About 600 families from two towns have been evacuated as the threat of a phreatic eruption loomed on Taal Volcano, the Batangas Provincial Disaster Risk Reduction and Management Office said Wednesday.

A phreatic eruption is an explosion driven by the heat from magma interacting with water, which can be from groundwater, hydrothermal systems, surface runoff, a lake or the sea and it pulverizes surrounding rocks and can produce ash, but does not include new magma.
Interviewed on GMA News TV’s "Balitanghali", heard nationwide, PDRRMO head Joselito Castro said the first batch of evacuees voluntarily left the island on Monday night.
According to Castro, around 600 families from Talisay and Agoncillo towns had already moved to the housing projects provided by the national government that are located in safe areas in Calabarzon.
He said concerned authorities were now checking how some of the concerned residents were not able to avail of the housing program.
Previously, nearly 50 families, or some 300 people, including children and women, were moved, the local disaster office said.
Meanwhile, newly installed Presidential Adviser for Southern Tagalog Casimiro Ynares Jr. appealed to residents at the foot of Taal Volcano to follow or voluntarily evacuate from their homes, as state seismologists continued to record increased activity in the area.
"Let us follow the pre-emptive evacuation. Life is more important than properties. The things we own can be reproduced, but we only get to live once,” Ynares said.
Ynares also said in a statement that every local government unit along the areas was ready and poised to provide assistance to the affected residents.
"Let us put our trust in our LGU's. President Rodrigo Duterte is fully aware of the situation and has already tasked various agencies to monitor and assist," Ynares added.
Some 60 people were already evacuated by the Philippine Coast Guard, Bureau of Fire Protection, Philippine National Police at Municipal Disaster Risk Reduction and Management Office.
They were brought to the evacuation center in Talisay, Batangas.
Taal Volcano remained under Alert Level 1 on Wednesday, Philippine Institute of Volcanology and Seismology director Renato Solidum said.
Sixty-nine tremors were recorded in the past 24 hours, and PHIVOLCS observed the increase in temperature and acidity in the main crater lake.
Meanwhile, amid the return of several residents to their home within Taal Volcano’s permanent danger zone in Batangas, the Philippine Institute of Volcanology and Seismology on Wednesday still strongly recommended that entry into Taal Volcano island, especially the vicinity of the main crater and Daang Kastila fissure, “must remain strictly prohibited.”
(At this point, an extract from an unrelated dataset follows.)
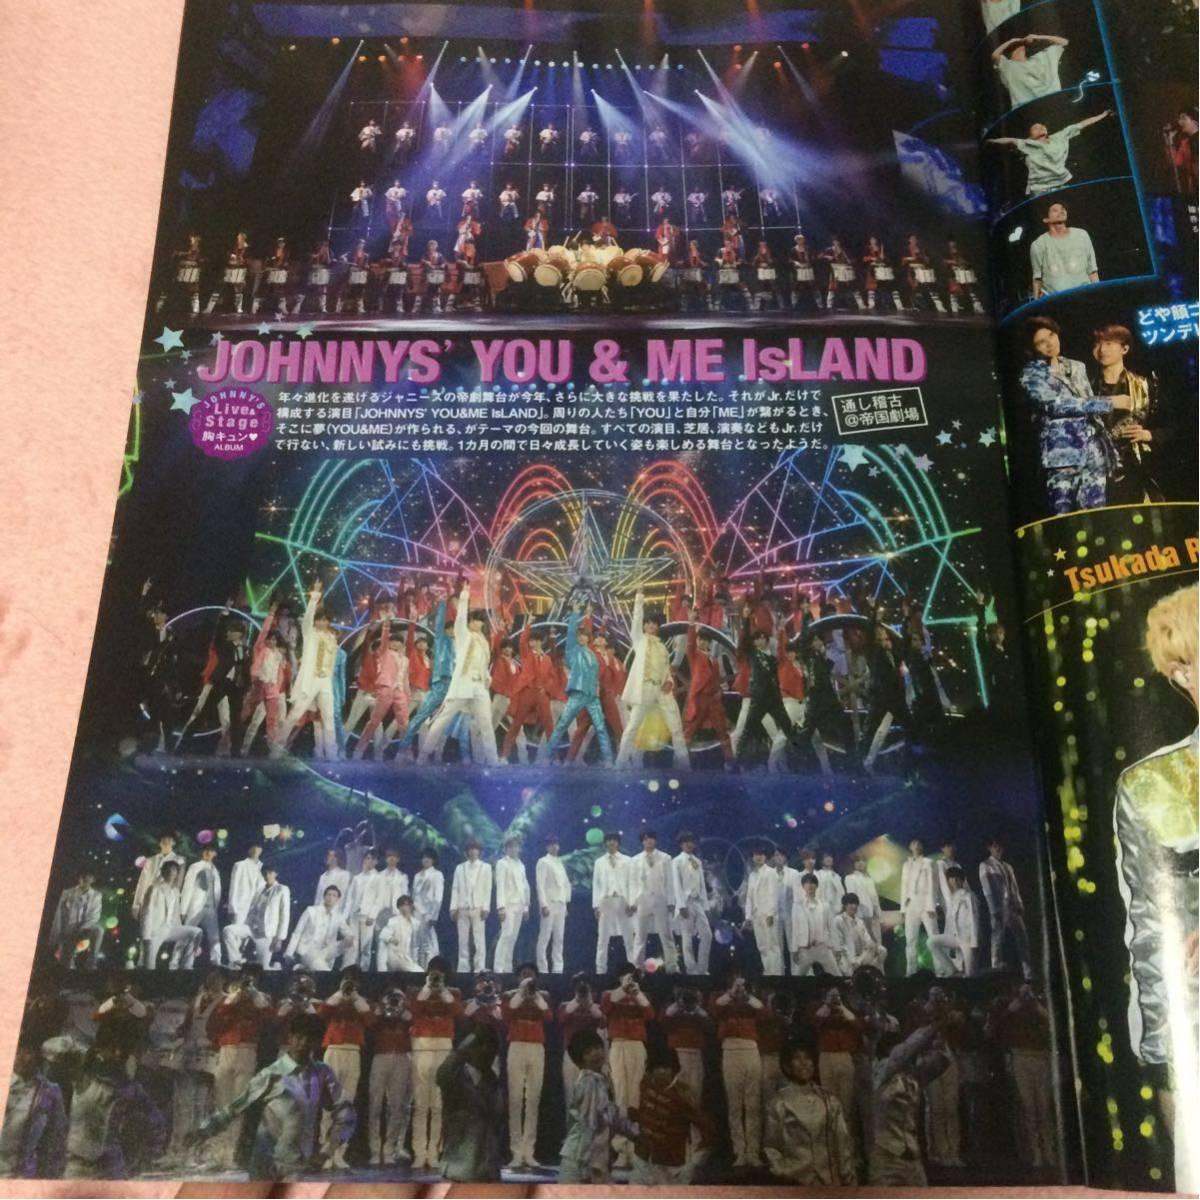 TVnavi SMILE ジャニーズJr Mr.KING Prince HiHi Jet 東京B少年 Love-tune Travis Japan 切り抜き

The island is Taal’s permanent danger zone.
Alert level 1 (abnormal) is maintained over Taal Volcano.
Phivolcs reminded the public that at alert level 1, sudden steam-driven or phreatic explosions, volcanic earthquakes, minor ashfall and lethal accumulations or expulsions of volcanic gas could occur and threaten areas within the Taal Volcano island.
As of Wednesday morning, Taal Volcano Network recorded 69 tremor episodes with durations of one to five minutes within the past 24-hour period.
Activity in the main crater consisted of weak emission of white steam-laden plumes from fumaroles that rose 20 meters high.
Ground deformation parameters from continuous electronic tilt on the Taal Volcano island recorded a slight deflation around the main crater since October 2020, “but overall, very slow and steady inflation of the Taal region has been recorded by continuous GPS data after the eruption,” Phivolcs said.
Several displaced island residents went back to their home within the permanent danger zone to look after their livelihood, Vice Governor Mark Leviste told Unang Balita over GMA News 7.